For more information, see Configure the YML file.
Note In this topic, the Auto Indexing feature is used only for testing. In actual business scenarios, this feature is not recommended because the indexes that are automatically created may not meet your business requirements. Instead, we recommend that you manually create an index in the Elasticsearch cluster before you use Logstash to transfer data to the index. For more information about how to create an index, see Getting started.
A Logstash cluster is created in the VPC where the Elasticsearch cluster resides.
For more information, see Create a cluster.
Test data is prepared.
In this example, a data record named LogMessage in the logs collected by Beats is used as test data. For more information about how to configure Beats to collect logs, see Collect the logs of an ECS instance. The data in the LogMessage data record is separated by vertical bars (|). Logstash is used to split the data in the data record into multiple values by vertical bar (|). The values are sequentially assigned to the following fields: mobile, appName, type, timestamp, status, code, component, cid, serviceId, serviceName, serviceType, and param. Then, the fields are transferred to the Elasticsearch cluster.
```
LogMessage: |1390000****|jop|byORP|2022-04-18T14:18:16.633|/log/cms/send|200|pluginNums=0,pluginStatus=0||||||
```

Procedure

Go to the Logstash Clusters page of the Alibaba Cloud Elasticsearch console.
Navigate to the desired cluster.
1. In the top navigation bar, select the region where the cluster resides.
2. On the Logstash Clusters page, find the cluster and click its ID.
In the left-side navigation pane of the page that appears, click Pipelines.
On the Pipelines page, click Create Pipeline.
In the Create Task wizard, enter a pipeline ID and configure the pipeline.
In this example, the following configurations are used for the pipeline:
```
input {
    beats {
        port => 8001
    }
}
filter {
    mutate {
        gsub => ["message","\|","| "]
        split => ["message","|"]
        add_field => {
            "mobile" => "%{[message][1]}"
            "appName" => "%{[message][2]}"
            "type" => "%{[message][3]}"
            "timestamp" => "%{[message][4]}"
            "status" => "%{[message][5]}"
            "code" => "%{[message][6]}"
            "component" => "%{[message][7]}"
            "cid" => "%{[message][8]}"
            "serviceId" => "%{[message][9]}"
            "serviceName" => "%{[message][10]}"
            "serviceType" => "%{[message][11]}"
            "param" => "%{[message][12]}"
        }
    }
    mutate {
        strip => ["mobile","appName","type","timestamp","status","code","component","cid","serviceId","serviceName","serviceType","param"]
    }
}
output {
    elasticsearch {
        index => "<yourIndexName>"
        hosts => ["es-cn-7mz2mu1zp0006****.elasticsearch.aliyuncs.com:9200"]
        user => "elastic"
        password => "<yourPassword>"
    }
}                
```
Important
- The input.beats.port parameter specifies the port number over which the logs collected by Beats are transferred to the Logstash pipeline.

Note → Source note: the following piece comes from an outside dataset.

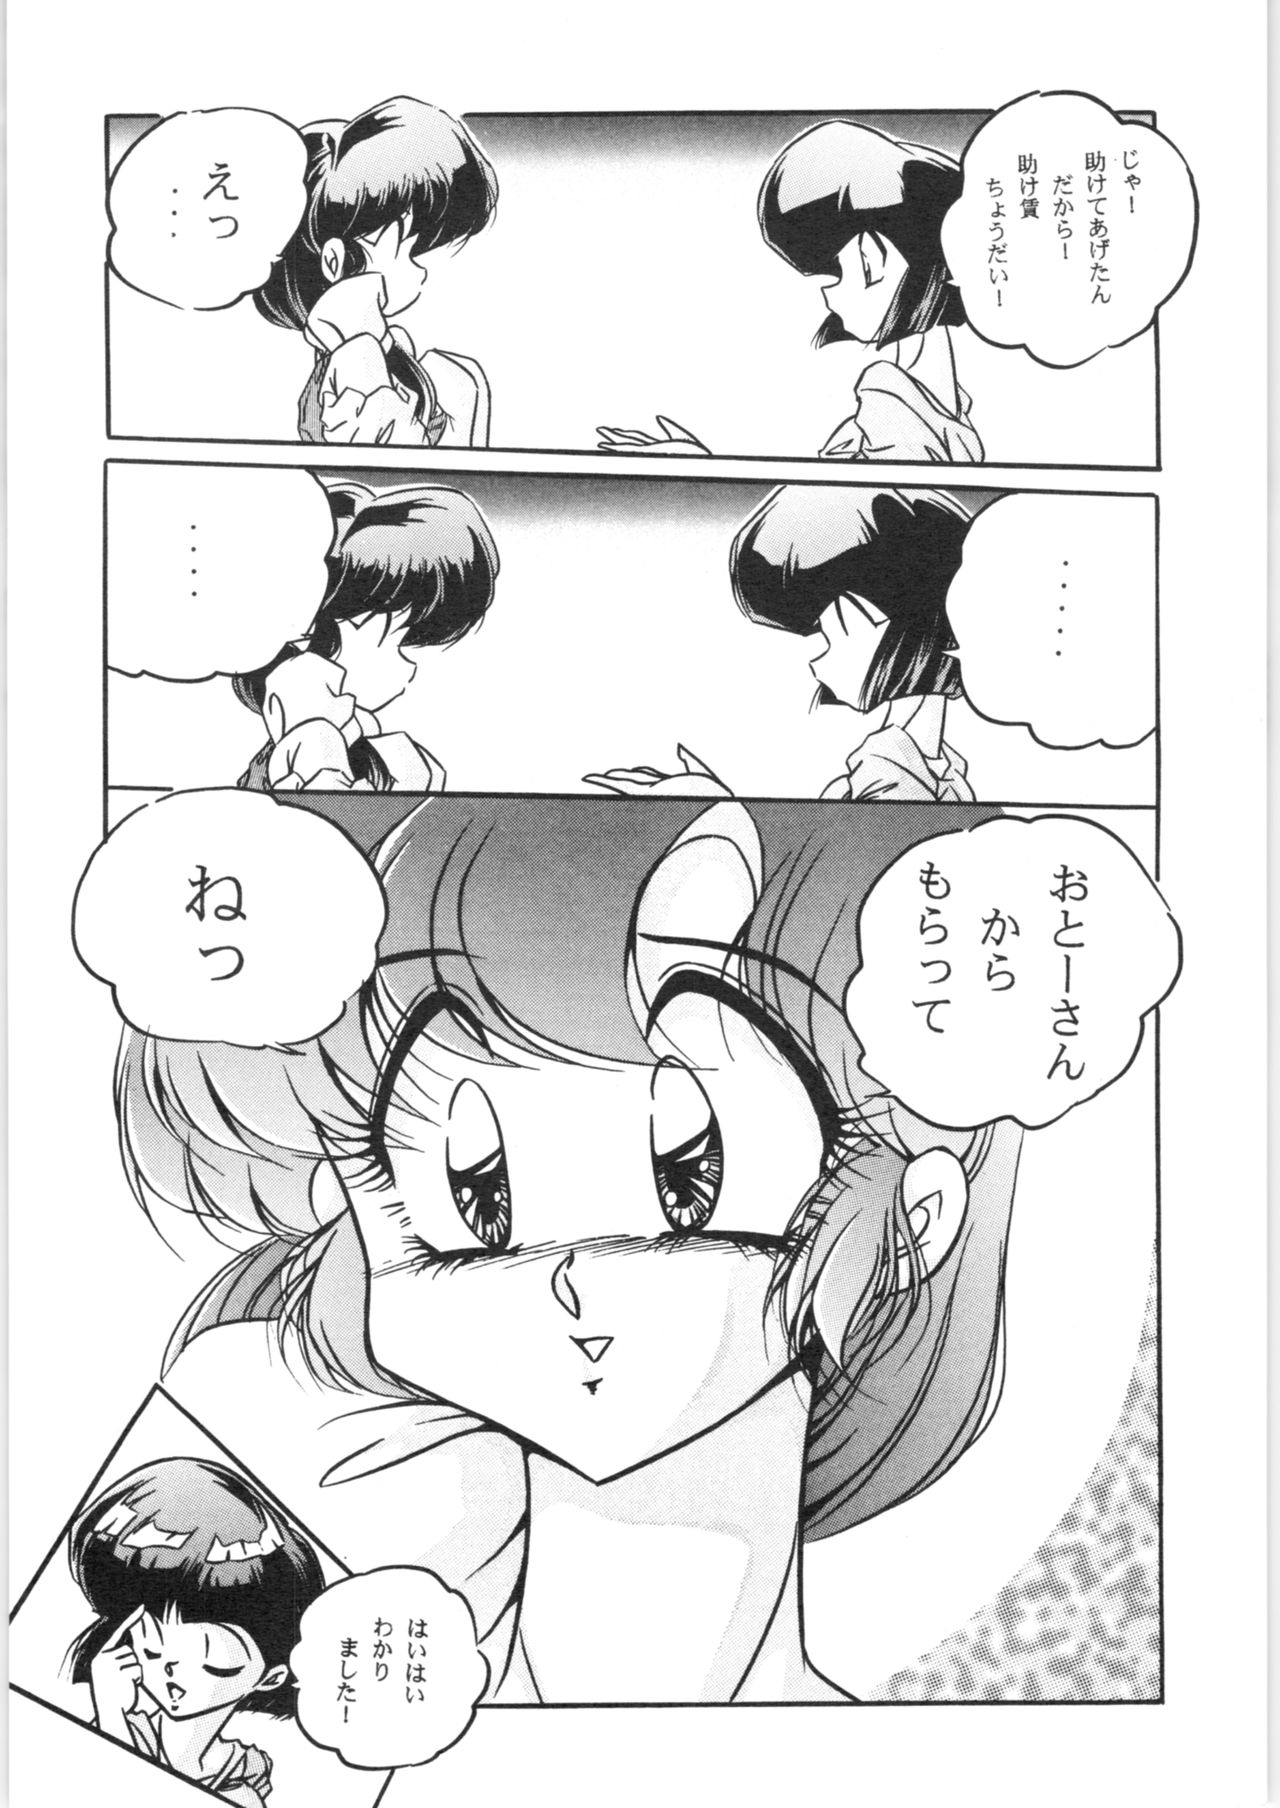 [C-COMPANY] C-COMPANY SPECIAL STAGE 18 (Ranma 1/2, Idol Project) page 15 full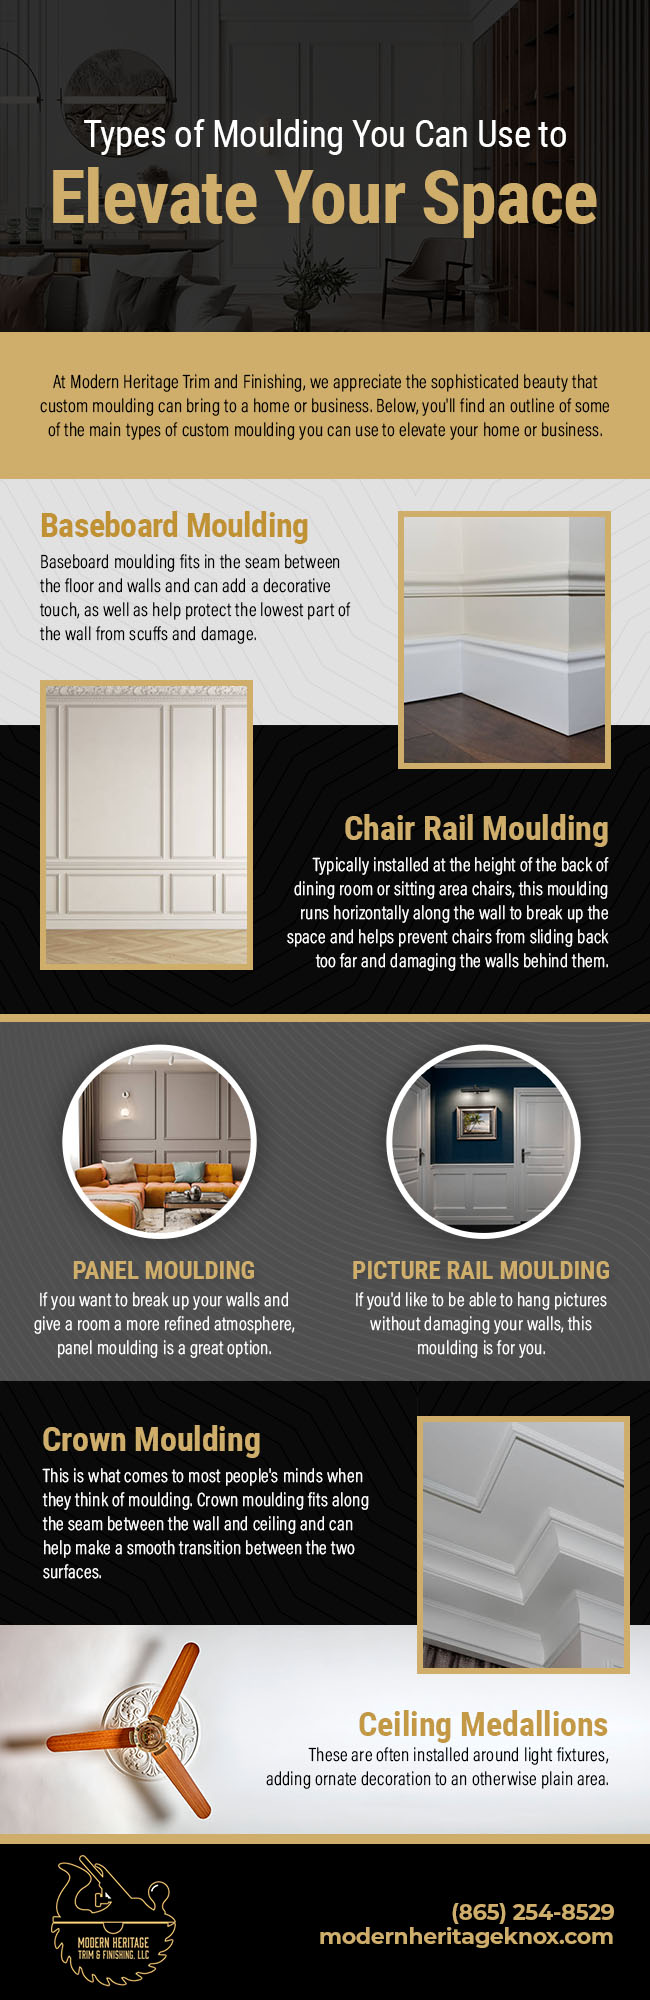 Types of Moulding You Can Use to Elevate Your Space

The value of this parameter must range from 8000 to 9000.
- In the gsub => ["message","\|","| "] setting in the filter part, a whitespace is inserted after the second vertical bar (|).
- When you use the preceding configurations, you must set the index parameter to the name of the index that you use in your business, the hosts parameter to the host of your Elasticsearch cluster, and the password parameter to the password of your elastic account in the output part.
The following descriptions show how Logstash works after the pipeline is configured:
1. The regular expression \| is used in the filter.mutate.gsub parameter to match the vertical bars (|) in the LogMessage data record and replace each of the matched vertical bars (|) with a vertical bar that is followed by a whitespace (| ). Replacement result:
```
LogMessage: | 1390000****| jop| byORP| 2022-04-18T14:18:16.633| /log/cms/send| 200| pluginNums=0,pluginStatus=0| | | | | |
```
2. The filter.mutate.split parameter is used to split the data in the LogMessage data record by vertical bar (|).
3. The filter.mutate.add_field parameter is used to sequentially assign the values obtained after the split to the fields. The following results are obtained after the values are assigned to the fields:
```
"mobile":" 1390000****",
"appName":" jop",
"type":" byORP",
"timestamp":" 2022-04-18T14:18:16.633",
"status":" /log/cms/sen",
"code":" 200",
"component":" pluginNums=0,pluginStatus=0",
"cid":" ",
"serviceId":" ",
"serviceName":" ",
"serviceType":" ",
"param":" "
```
4. The filter.mutate.strip parameter is used to remove the whitespace before each value.
For more information about pipeline configurations, see Use configuration files to manage pipelines and Logstash configuration files.
Warning After you configure the parameters, you must save the settings and deploy the pipeline. This triggers a restart of the Logstash cluster. Before you can proceed, make sure that the restart does not affect your services.
Click Save or Save and Deploy.
- Save: After you click this button, the system stores the pipeline settings and triggers a cluster change. However, the settings do not take effect. After you click Save, the Pipelines page appears. On the Pipelines page, find the created pipeline and click Deploy in the Actions column. Then, the system restarts the Logstash cluster to make the settings take effect.
- Save and Deploy: After you click this button, the system restarts the Logstash cluster to make the settings take effect.

Verify the result

Log on to the Kibana console of your Elasticsearch cluster and go to the homepage of the Kibana console as prompted.
For more information about how to log on to the Kibana console, see Log on to the Kibana console.
Note In this example, an Elasticsearch V7.10.0 cluster is used. Operations on clusters of other versions may differ. The actual operations in the console prevail.
In the upper-right corner of the page that appears, click Dev tools.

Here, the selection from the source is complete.